今は亡き三浦春馬や竹内結子といった大好きな演技派の俳優2人を見れるのは貴重だし、2人とも凄く素敵な表情をしているなと思う。
ドラマを観ていなくても楽しめるから結構好きな作品。物語は2転3転して飽きない構成になっているし、終盤には予想もしない大どんでん返しがあって本当に面白い。よく脚本が練られているし、鑑賞者に与える情報の見せ方も上手で綺麗にまとまっている。
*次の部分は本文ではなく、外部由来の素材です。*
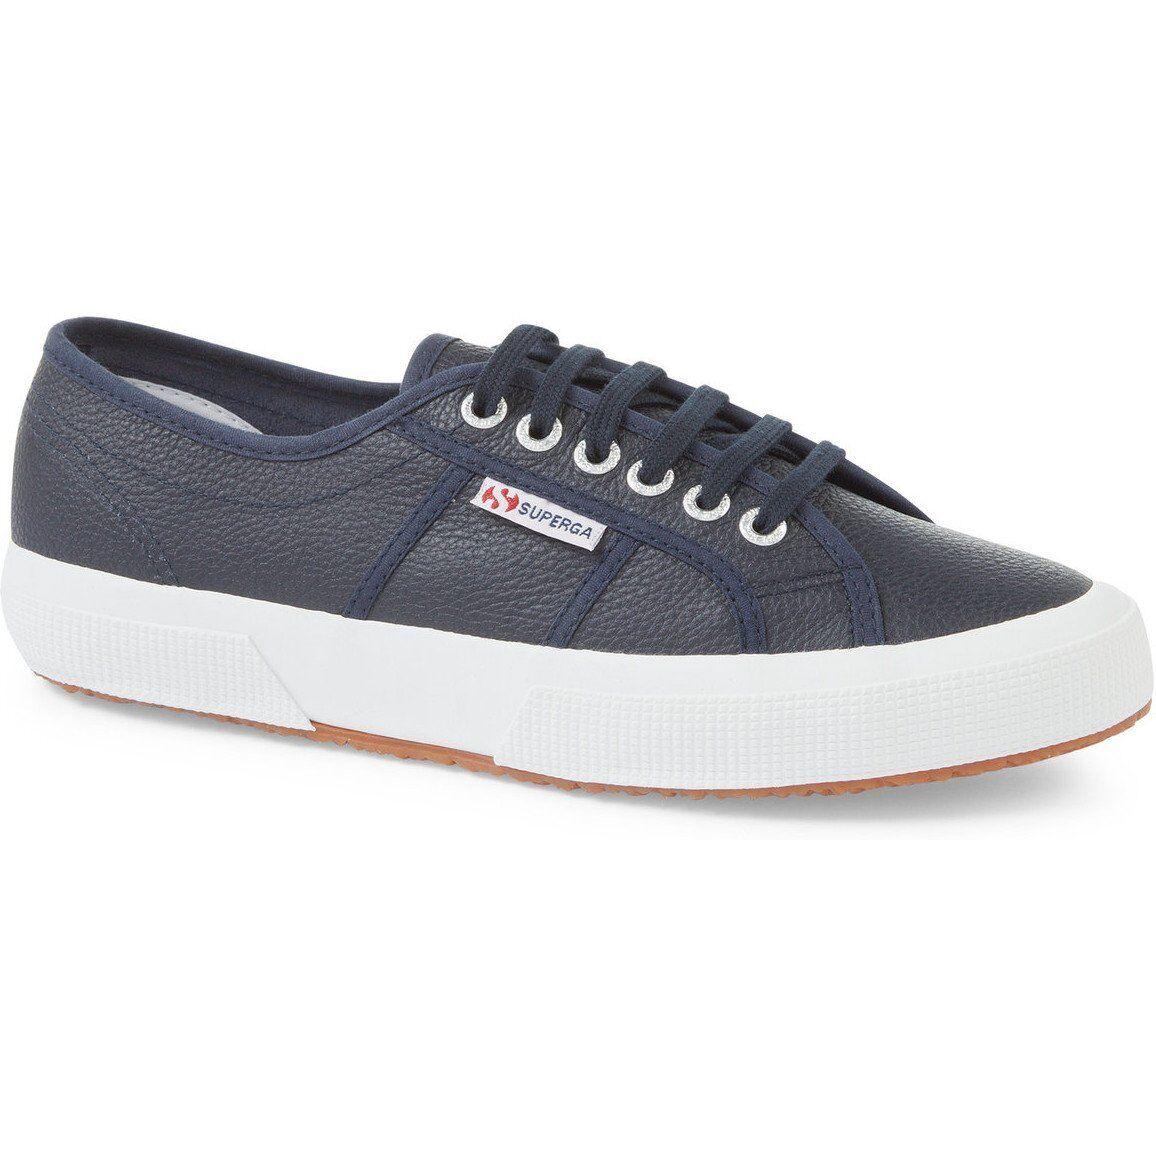 Superga 2750 Efglu Unisex Footwear schuhe - Blau Navy All Größes

目に見えるものが真実とは限らず意図して作られた演出なのかもしれないという、詐欺に騙されている事に気づかない被害者に気づかせるような話なのが良い。物事は見た目だけじゃなく、多面的に捉えろってことなんだろうね。
観ているこちらも爽快な程に騙される大どんでん返しはお見事だし、詐欺を働く相手は一般人ではなく悪い事をして稼いだ悪党のお金だからスカッとする。コミカルな作風で見やすいし、チョイ役でも豪華なキャストが登場しているからその辺も楽しめる。
初見だと見事爽快に騙されて面白いし、2回目以降だと張られている細かい伏線を楽しむことができるから何回観ても面白い。終盤のネタばらしが格別。
Official髭男dismの主題歌『Pretender』が余韻として残る。
恋は、
いつだって自分を欺くことから始まり、
他人を欺くことで終わる。
これが世間でいうロマンスというものである。